Stock index futures closed mixed on Wednesday after the Federal Open Market Committee left its funds rate on hold, as expected. The fed funds rate remains at 5.25% – 5.50%. The Summary of Economic Projections indicated FOMC member expectations averaged a single interest rate cut of 25 basis points this year, which is fewer than the two rate cuts markets were anticipating. This hawkish revision came despite a softer-than-expected consumer price index report earlier in the day. Fed Chair Powell reiterated that the projections are only a “forecast” and don’t reflect a “really strong commitment to a particular rate path.”

Futures advanced today when the bullish May producer price index report was released. The PPI declined 0.2% when a 0.1% increase was expected, and on an annualized basis the PPI increased 2.2%, which compares to the predicted 2.5% increase. The producer price index excluding food and energy was unchanged when up 0.3% was estimated, and on an annualized basis increased 2.3% when a gain of 2.4% was anticipated.

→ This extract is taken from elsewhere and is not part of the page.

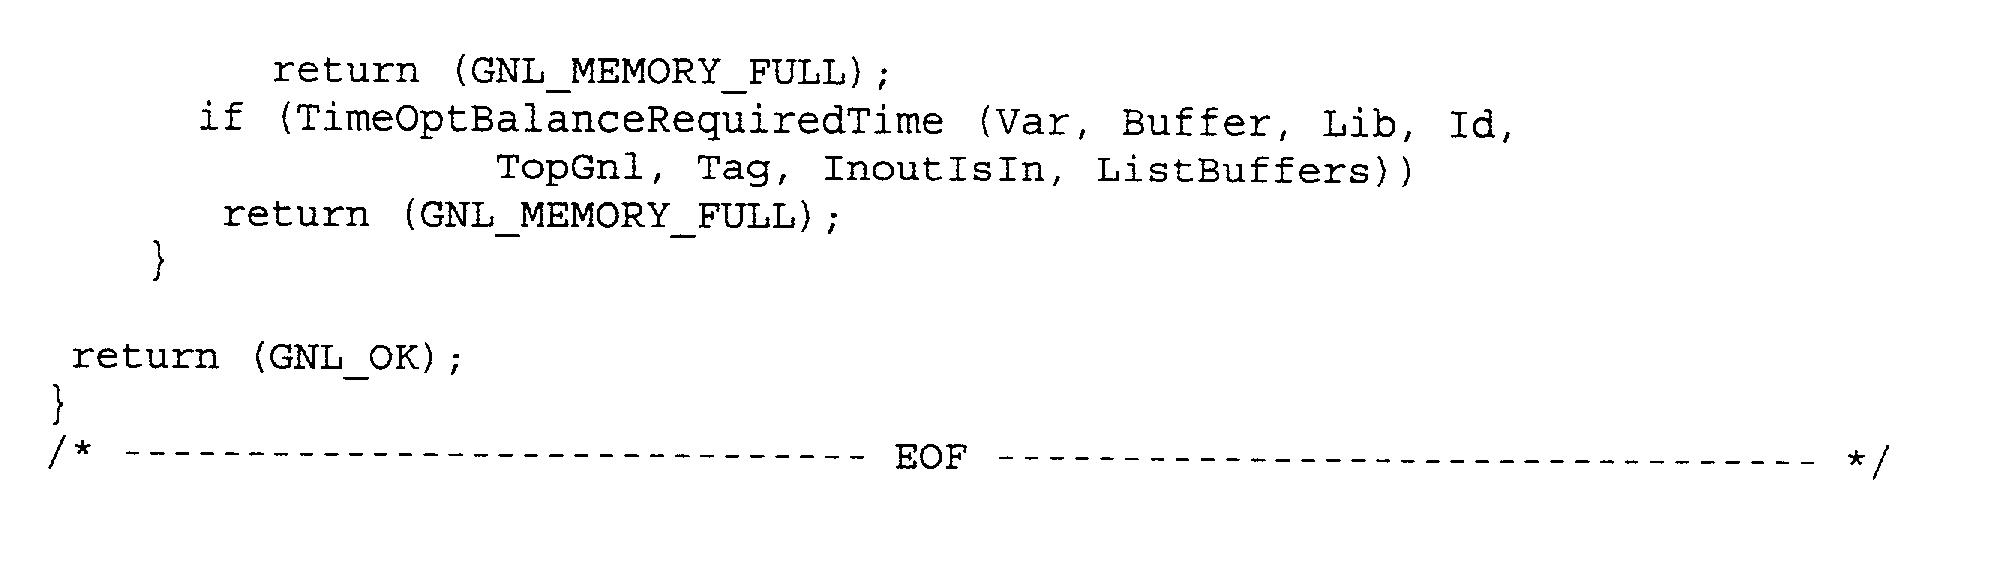 Figure US20020157063A1-20021024-P01755

Jobless claims in the week ended June 8 were 247,000 when 222,000 were expected.

The longer term fundamentals remain supportive to stock index futures.


The U.S. dollar index was higher in the overnight trade but quickly came off of the highs when the bearish producer price index report was released.

Industrial production in the euro area declined by 0.1% month-over-month in April 2024, which reverses the downwardly revised 0.5% growth in the previous month, and below the anticipated increase of 0.2%.

German wholesale prices declined 0.7% in May compared with the same month last year.

Australian employment outpaced expectations in May. Net employment increased 39,700 in May from April when market forecasts had been for a gain of 30,000. Full-time employment jumped 41,700. The jobless rate eased to 4.0% from 4.1%, which was in line with estimates.

The Bank of Japan will hold its policy meeting tomorrow. Analysts expect the BOJ will leave interest rates unchanged. The focus of attention will most likely be on the monetary policy statement and press conference.


Futures traded higher yesterday after the bullish consumer price index was reported. However, some of the gains were given back when the Federal Open Market Committee indicated the Fed is likely to lower interest rates only one time this year.

However, today prices are higher across the board in light of the decline in the producer price index in May when a small increase had been anticipated.

John Williams of the Federal Reserve will speak at 11:00 central time.

Financial futures markets are predicting there is a 70% probability that the Federal Open Market Committee will lower its fed funds rate by 25 basis points at its September 18 meeting.

The long term fundamentals are bullish on balance, especially for futures at the long end of the yield curve.